Java Web Services for Experienced Programmers contains a rich collection of examples. The book concentrates on the principles of good software engineering and stresses program clarity. We are educators who teach edge-of-the-practice topics in industry classrooms worldwide. We avoid arcane terminology and syntax specifications in favor of teaching by example.

We use fonts to distinguish between features such as menu names and menu items and other elements that appear in graphical user interfaces (GUIs). Our convention is to emphasize GUI features in a sans-serif bold Helvetica font (e.g., File menu) and to emphasize program text in a serif bold Courier font (e.g., boolean x = true;).

Live-Code™ Teaching Approach

Java Web Services for Experienced Programmers includes 103 Live-Code™ examples. This presentation style exemplifies the way we teach and write about programming and is the focus of our multimedia Cyber Classrooms and Web-based training courses as well. Each new concept is presented in the context of a complete, working example that is followed by one or more windows showing the program’s input/output dialog. Reading the examples in the text is much like entering and running them on a computer. Readers have the option of downloading all of the book’s code examples from, under the Downloads/Resources link. Other links provide errata and answers to frequently asked questions.

World Wide Web Access

All of the source code for the program examples in Java Web Services: For Experienced Programmers (and our other publications) is available on the Internet as downloads from the following Web sites:

Registration is quick and easy and these downloads are free. We suggest downloading all the examples, then running each program as you read the corresponding portion of the book. Make changes to the examples and immediately see the effects of those changes—this is a great way to improve your programming skills. Setup instructions for required software can be found in Chapter 1, Introduction, and at our Web sites, along with the examples. [Note: This is copyrighted material. Feel free to use it as you study, but you may not republish any portion of it in any form without explicit permission from Prentice Hall and the authors.]


Each chapter begins with objectives that inform readers of what to expect and give them an opportunity, after reading the chapter, to determine whether they have met the intended goals.
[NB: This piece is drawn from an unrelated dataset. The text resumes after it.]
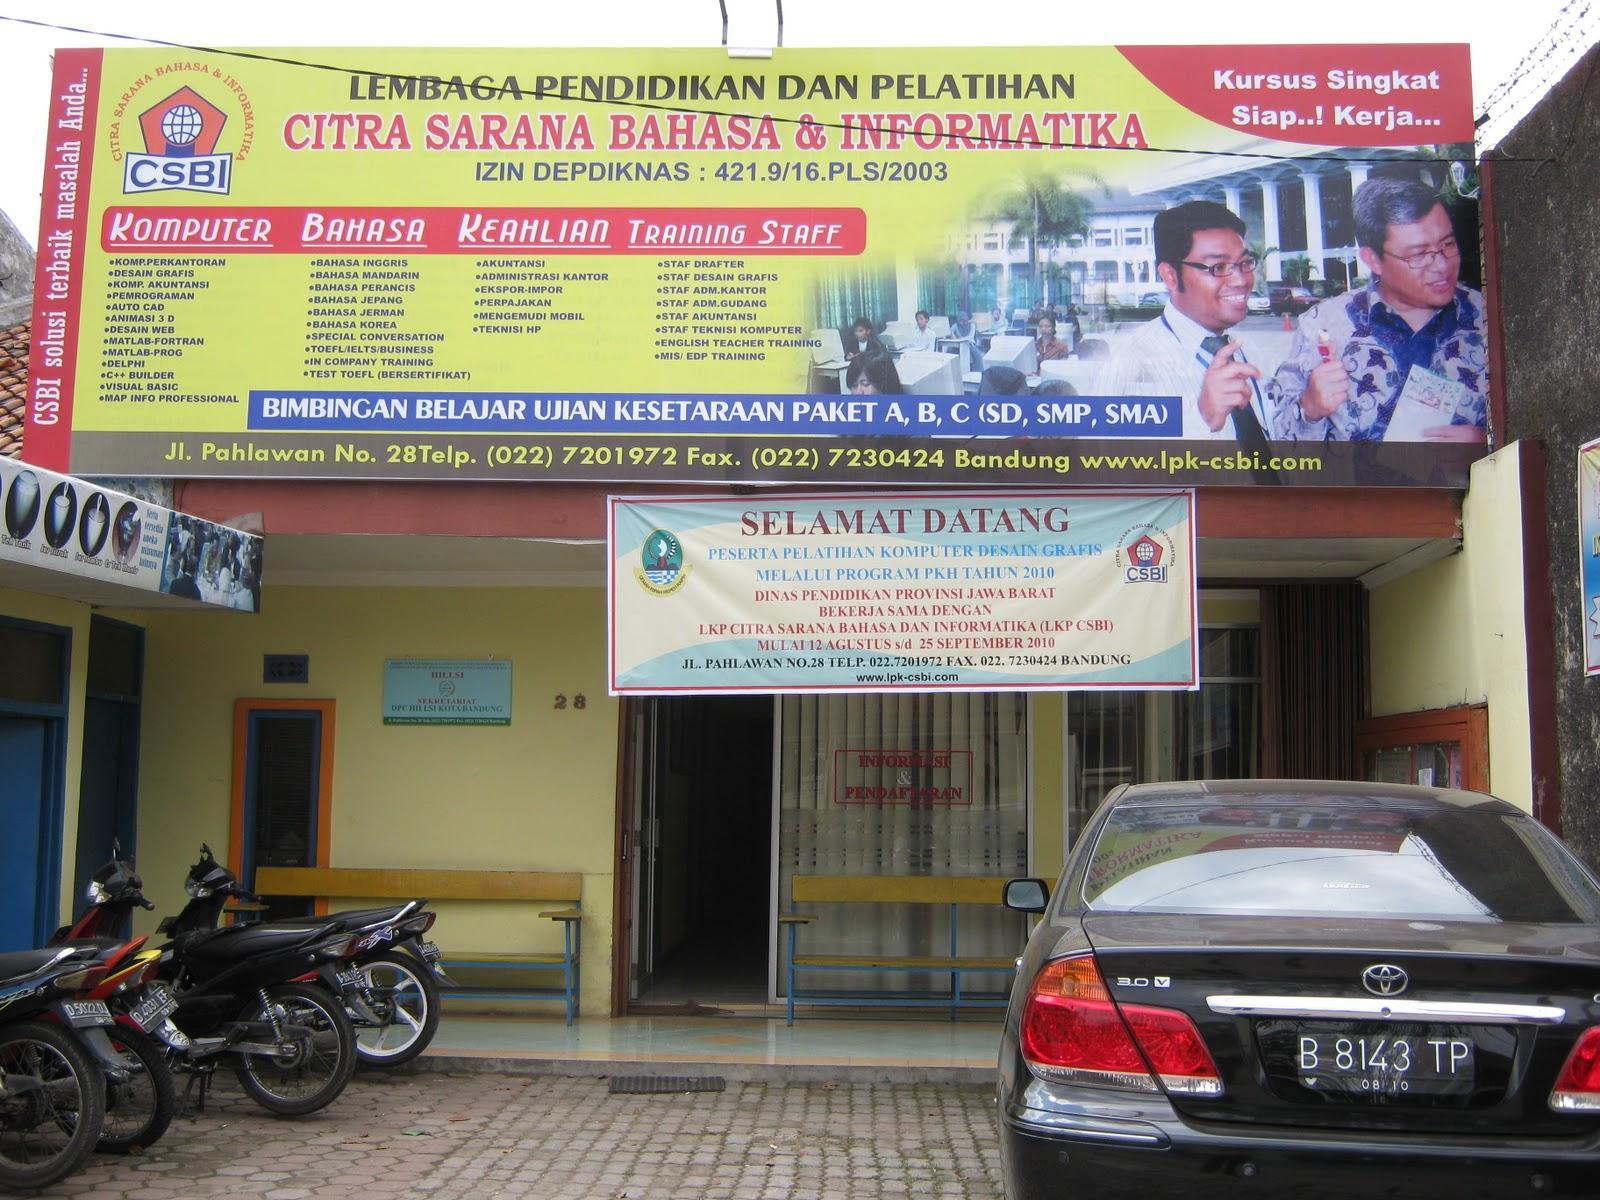 Tempat Kursus Komputer Di Daerah Bandung

The chapter objectives are followed by sets of quotations. Some are humorous, some are philosophical and some offer interesting insights. We have found that readers enjoy relating the quotations to the chapter material. Many of the quotations are worth a "second look" after you read each chapter.


The chapter outline enables readers to approach the material in top-down fashion. Along with the chapter objectives, the outline helps users anticipate topics and set a comfortable and effective learning pace.
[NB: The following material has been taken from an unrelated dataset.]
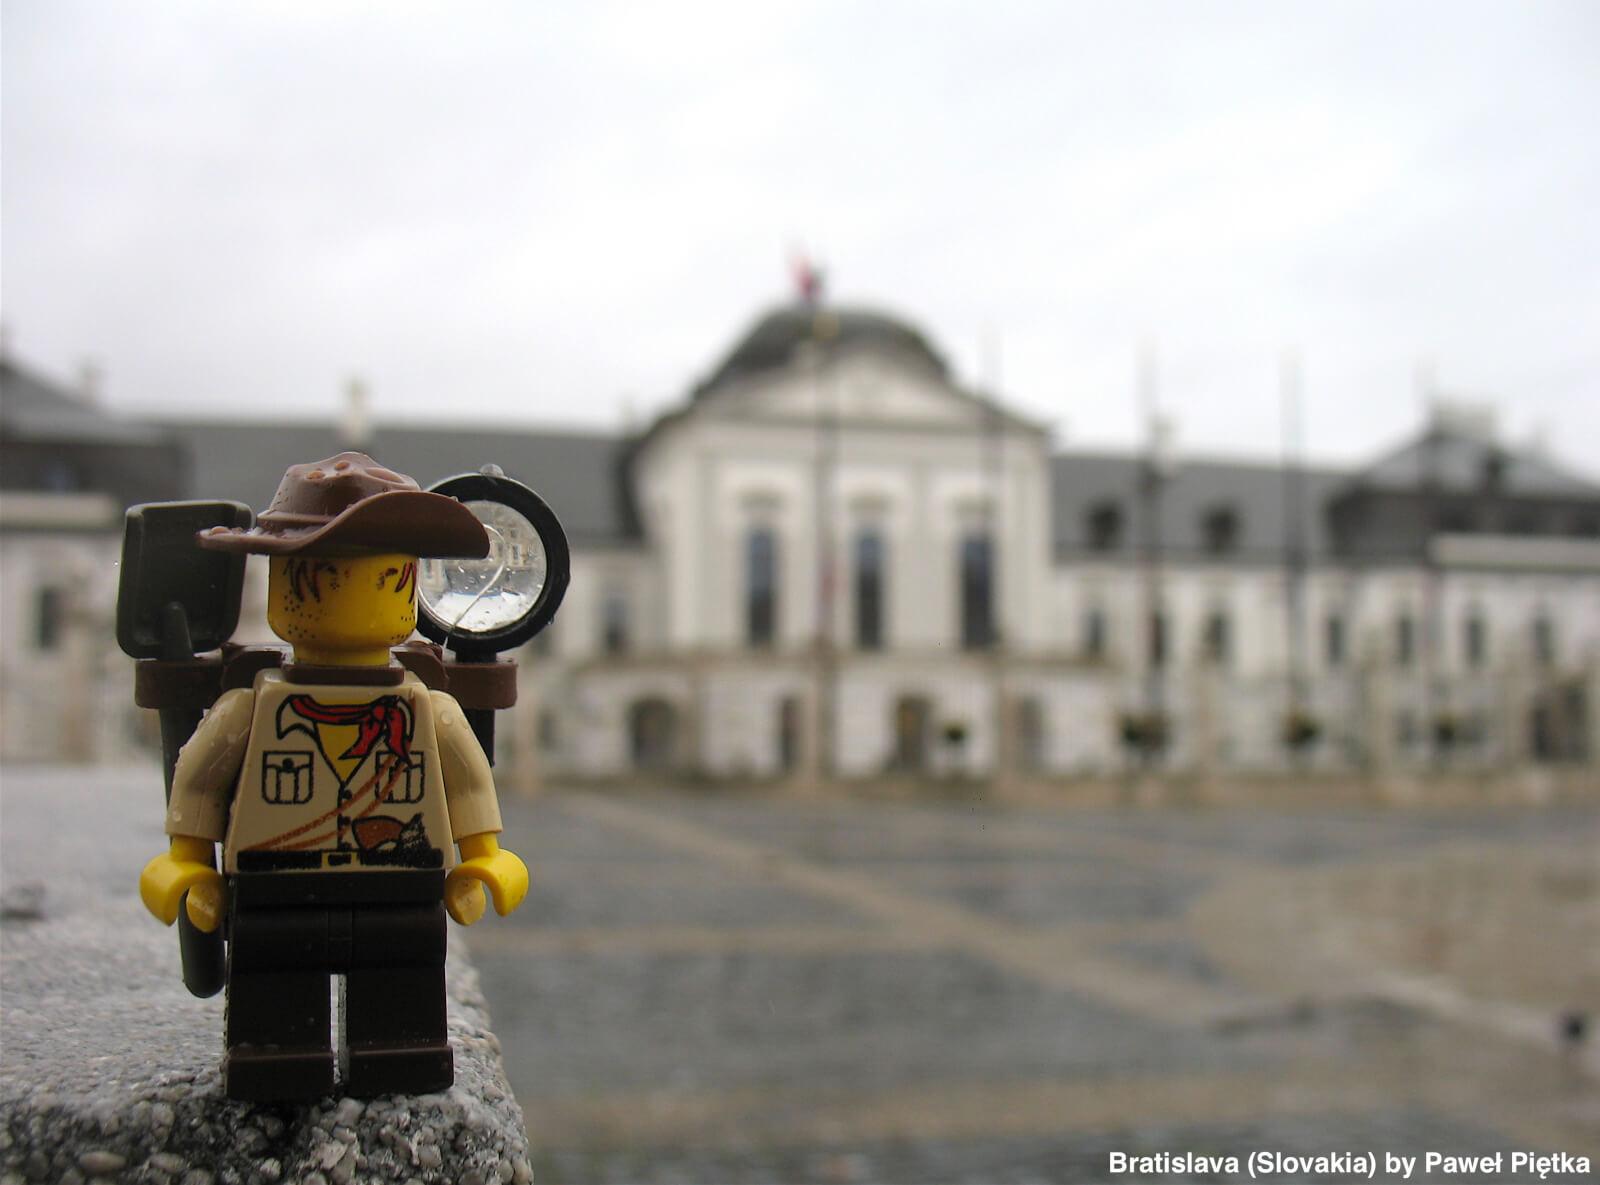 Bratislava (Slovakia) - Grassalkovich Palace

13,321 Lines of Code in 103 Example Programs (with Program Outputs)

We present Java Web services features in the context of complete, working Web services and client programs. All examples are available as downloads from our Web site,


Each chapter ends with a summary that helps readers review and reinforce key concepts.

Approximately 1,818 Index Entries (with approximately 2,682 Page References)

We have included an extensive Index. This resource enables readers to search for any term or concept by keyword. The Index is especially useful to practicing programmers who use the book as a reference.

"Double Indexing" of All Live-Code™ Examples

Java Web Services for Experienced Programmers has 103 Live-Code™ examples, which we have "double indexed." For every program in the book, we took the figure caption, and indexed it both alphabetically and as a subindex item under "Examples." This makes it easier to find examples using particular features.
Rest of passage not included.